X-Git-Url: http://www.project-moonshot.org/gitweb/?p=shibboleth%2Fsp.git;a=blobdiff_plain;f=shibsp%2FServiceProvider.cpp;h=b3589489c2d5d71ae5ad43f46b69717ee3a38c18;hp=30e4423cc304d269532f262da2605717dc76aca5;hb=a0af8ed86ab481af4605daf5cf837fdaa4544bdd;hpb=ef5033b9317ef36b5e3b99679cf789e93d8b6654

diff --git a/shibsp/ServiceProvider.cpp b/shibsp/ServiceProvider.cpp
index 30e4423..b358948 100644
--- a/shibsp/ServiceProvider.cpp
+++ b/shibsp/ServiceProvider.cpp
@@ -163,6 +163,7 @@ void SHIBSP_API shibsp::registerServiceProviders()
 
 ServiceProvider::ServiceProvider()
 {
+    m_authTypes.insert("shibboleth");
 }
 
 ServiceProvider::~ServiceProvider()
@@ -266,16 +267,18 @@ pair<bool,long> ServiceProvider::doAuthentication(SPRequest& request, bool handl
         pair<bool,bool> requireSession = settings.first->getBool("requireSession");
         pair<bool,const char*> requireSessionWith = settings.first->getString("requireSessionWith");
 
-        // If no session is required AND the AuthType (an Apache-derived concept) isn't shibboleth,
+        string lcAuthType;
+        if (authType.first) {
+            while (*authType.second)
+                lcAuthType += tolower(*authType.second++);
+        }
+
+        // If no session is required AND the AuthType (an Apache-derived concept) isn't recognized,
         // then we ignore this request and consider it unprotected.

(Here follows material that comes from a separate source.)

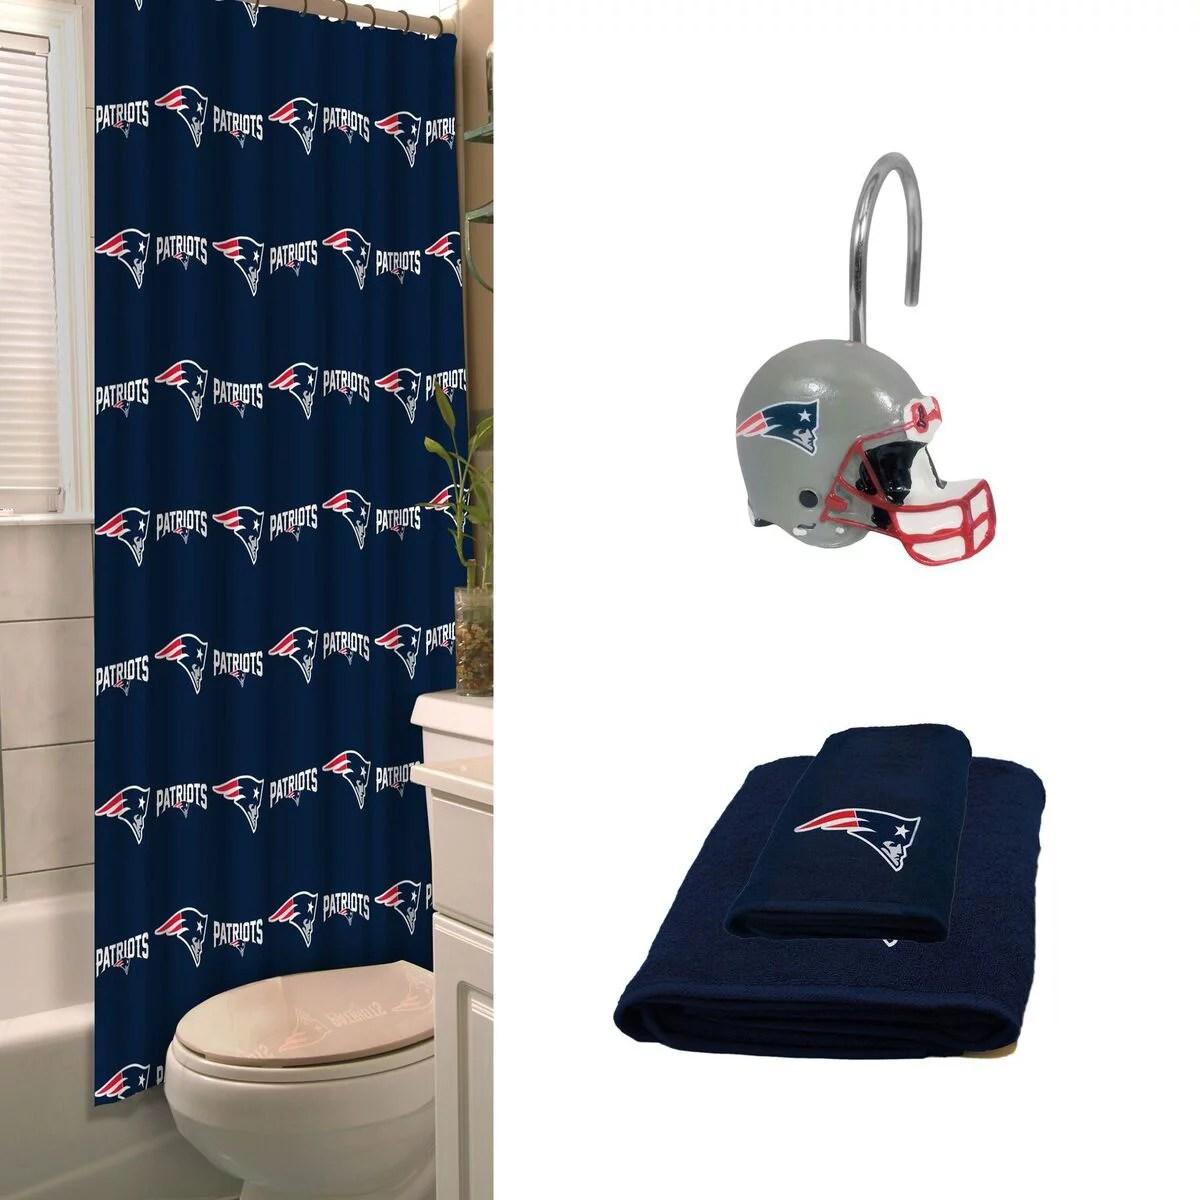 new england patriots bath set with hand bath towel shower curtain hooks
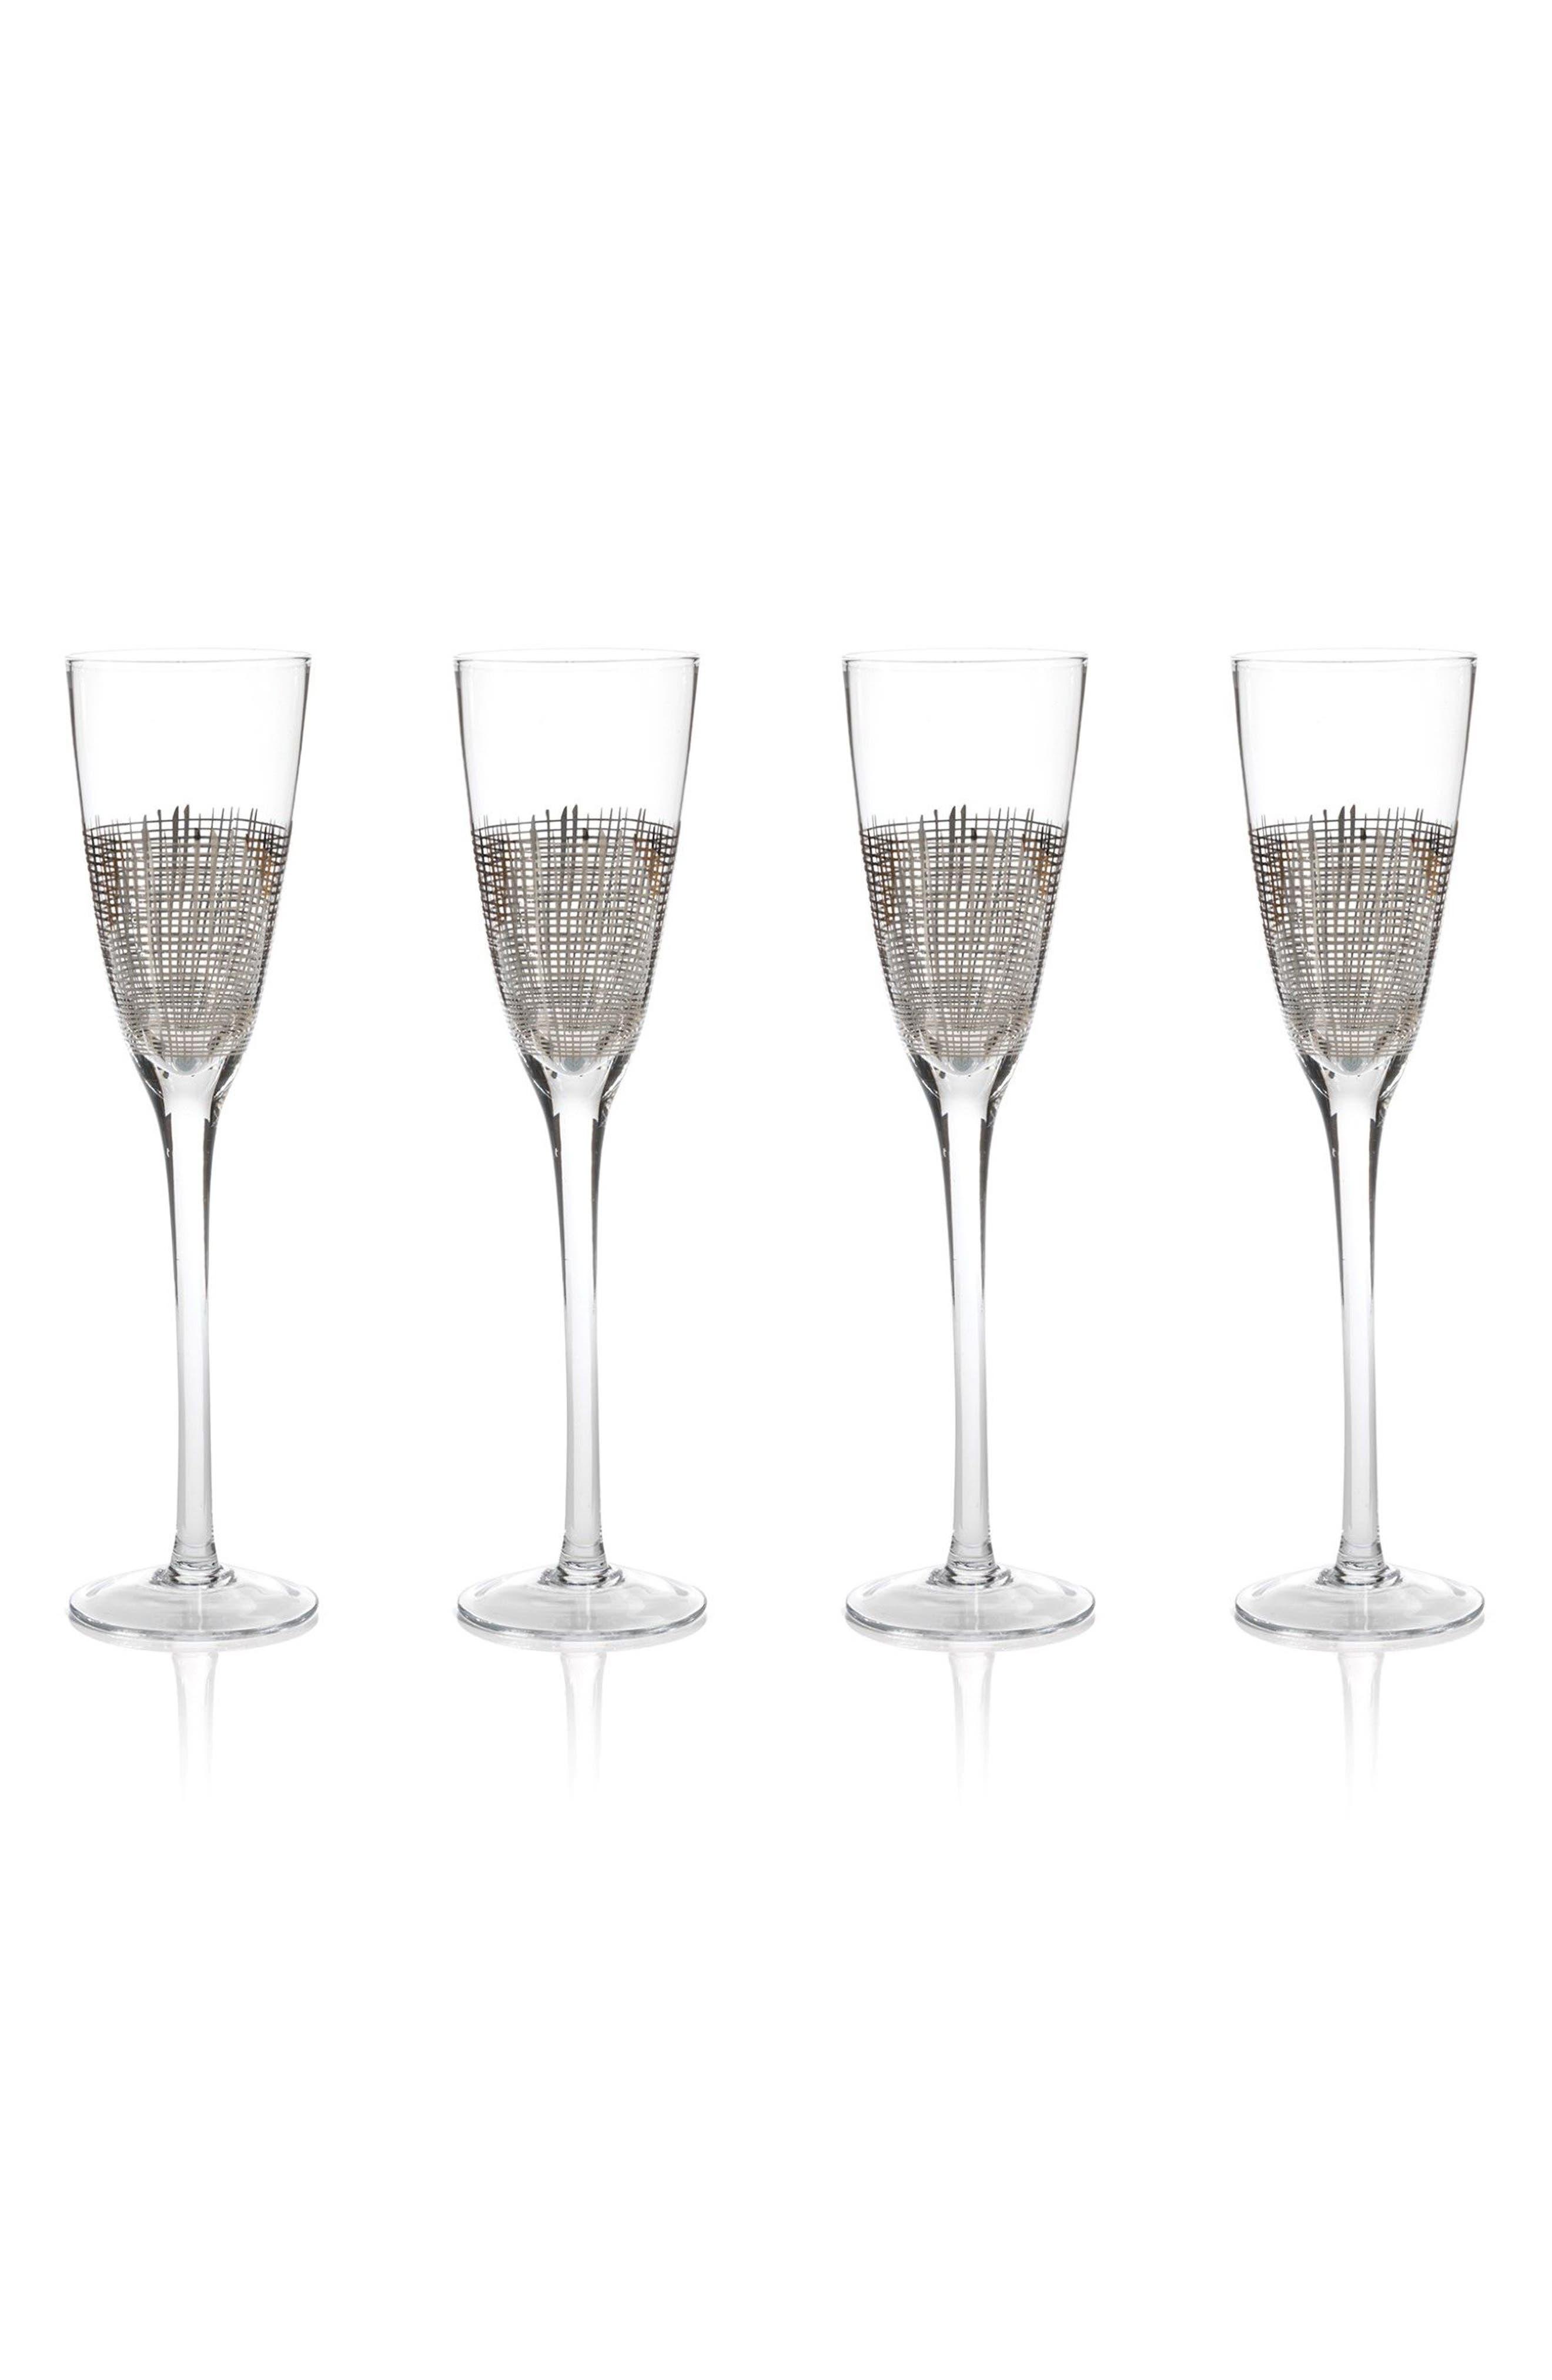 Reza Set of 4 Champagne Flutes,                             Main thumbnail 1, color,                             040

Apache might lie to us if
         // ShibBasicHijack is on, but that's up to it.
         if ((!requireSession.first || !requireSession.second) && !requireSessionWith.first &&
-#ifdef HAVE_STRCASECMP
-                (!authType.first || strcasecmp(authType.second,"shibboleth")))
-#else
-                (!authType.first || _stricmp(authType.second,"shibboleth")))
-#endif
-            return make_pair(true,request.returnDecline());
+                (!authType.first || m_authTypes.find(lcAuthType) == m_authTypes.end()))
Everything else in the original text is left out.